Xref: utzoo comp.theory:386 comp.misc:8322 comp.lang.misc:4259
Path: utzoo!utgpu!jarvis.csri.toronto.edu!cs.utexas.edu!uunet!munnari.oz.au!goanna!ok
From: ok@goanna.oz.au (Richard O'keefe)
Newsgroups: comp.theory,comp.misc,comp.lang.misc
Subject: Re: What if the Divisor is Negative?  (was Re: Modulus)
Message-ID: <2911@goanna.oz.au>
Date: 26 Feb 90 07:55:17 GMT
References: <4356@daffy.cs.wisc.edu>
Followup-To: comp.lang.misc
Organization: Comp Sci, RMIT, Melbourne, Australia
Lines: 20

In article <4356@daffy.cs.wisc.edu>, lori@rt7.cs.wisc.edu (Lori Lehman) writes:
[asking about X div Y when Y < 0]

The thing which keeps tripping people up is the assumption that
there is *one* "proper" definition of div and mod.  Common Lisp
offers four:
	(floor x y)    => q r		;; round towards -oo
	(ceiling x y)  => q r		;; round towards +oo
	(truncate x y) => q r		;; round towards 0
	(round x y)    => q r		;; round to nearest (on tie to even)
where in each case x = q*y + r and |r| < |y|
I have had occasion to use _each_ of these functions, and I've been glad
that the names said clearly which one I was using.

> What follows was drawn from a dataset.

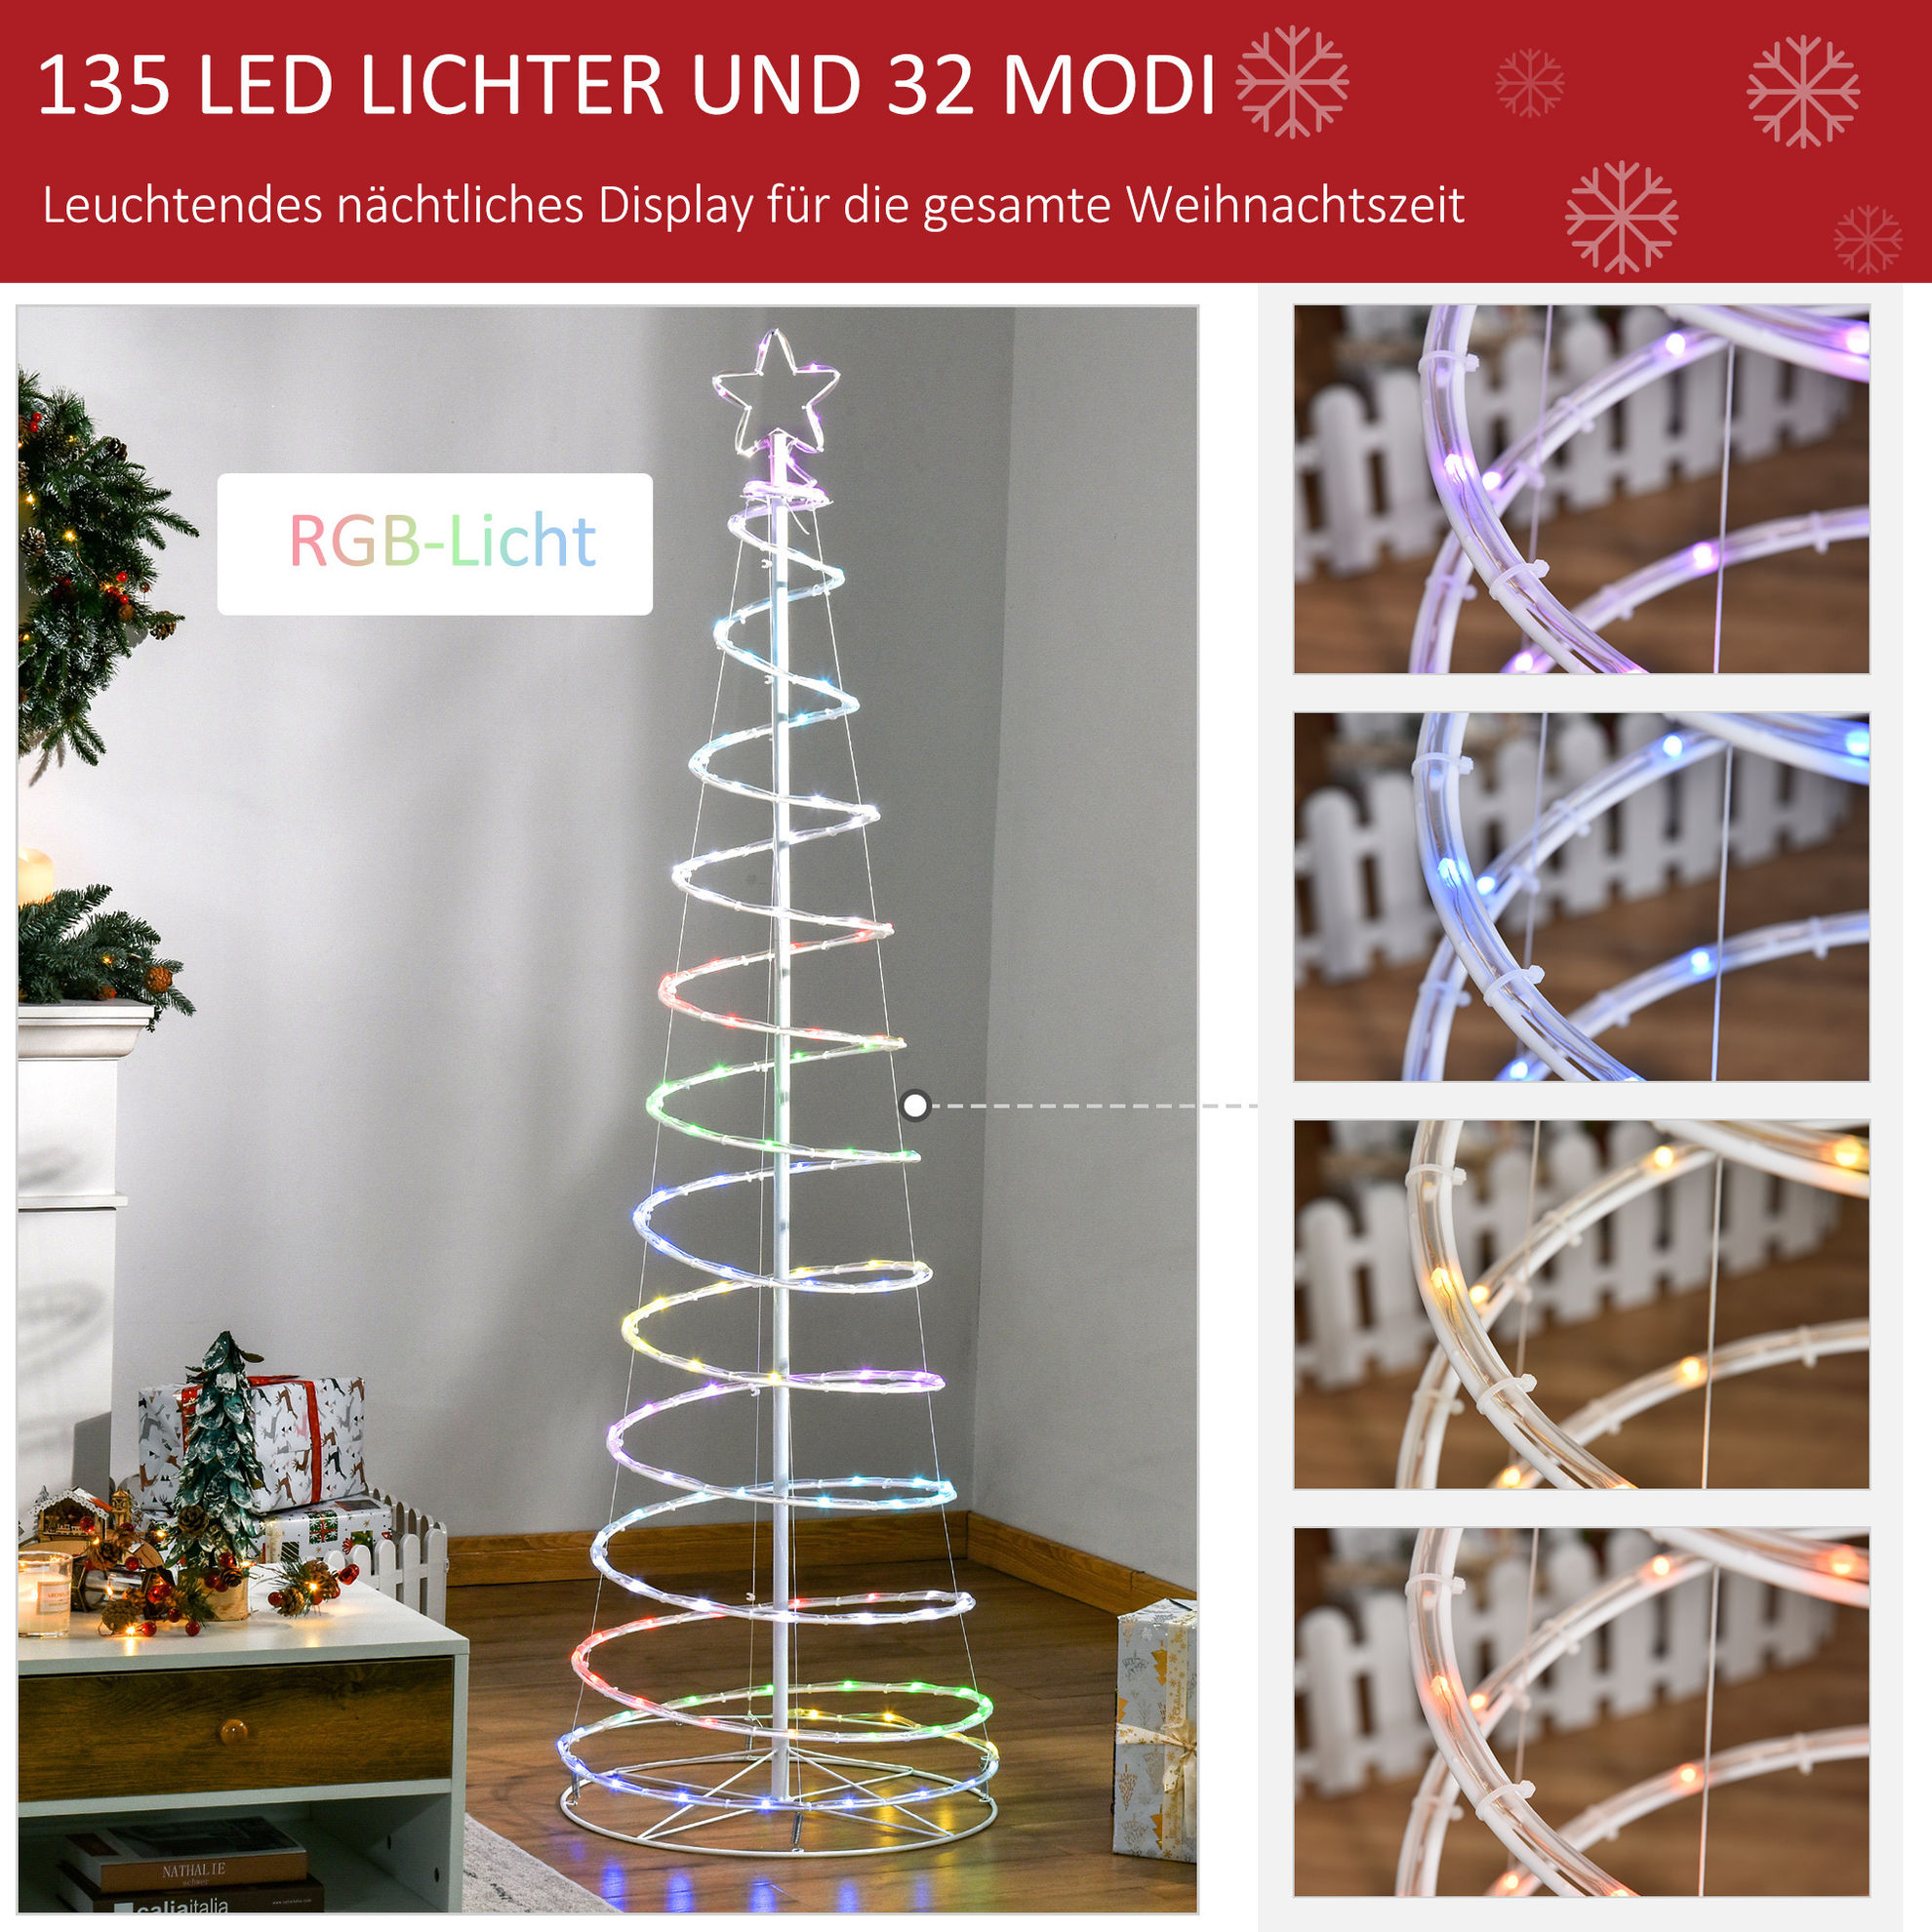 Spiralbaum LED 135 LED-Lichter und 32 Modi RGB-Licht, ist  spritzwassergeschützt.

It would be useful to have something else, say
	(quotient x y)	=> q r		;; undefined for x < 0 or y <= y
which could do whatever was fastest on a particular machine; the use of
this function would be a signal to the human reader that the arguments
were expected to be in a range where it didn't matter which opcode was
used (usually the case).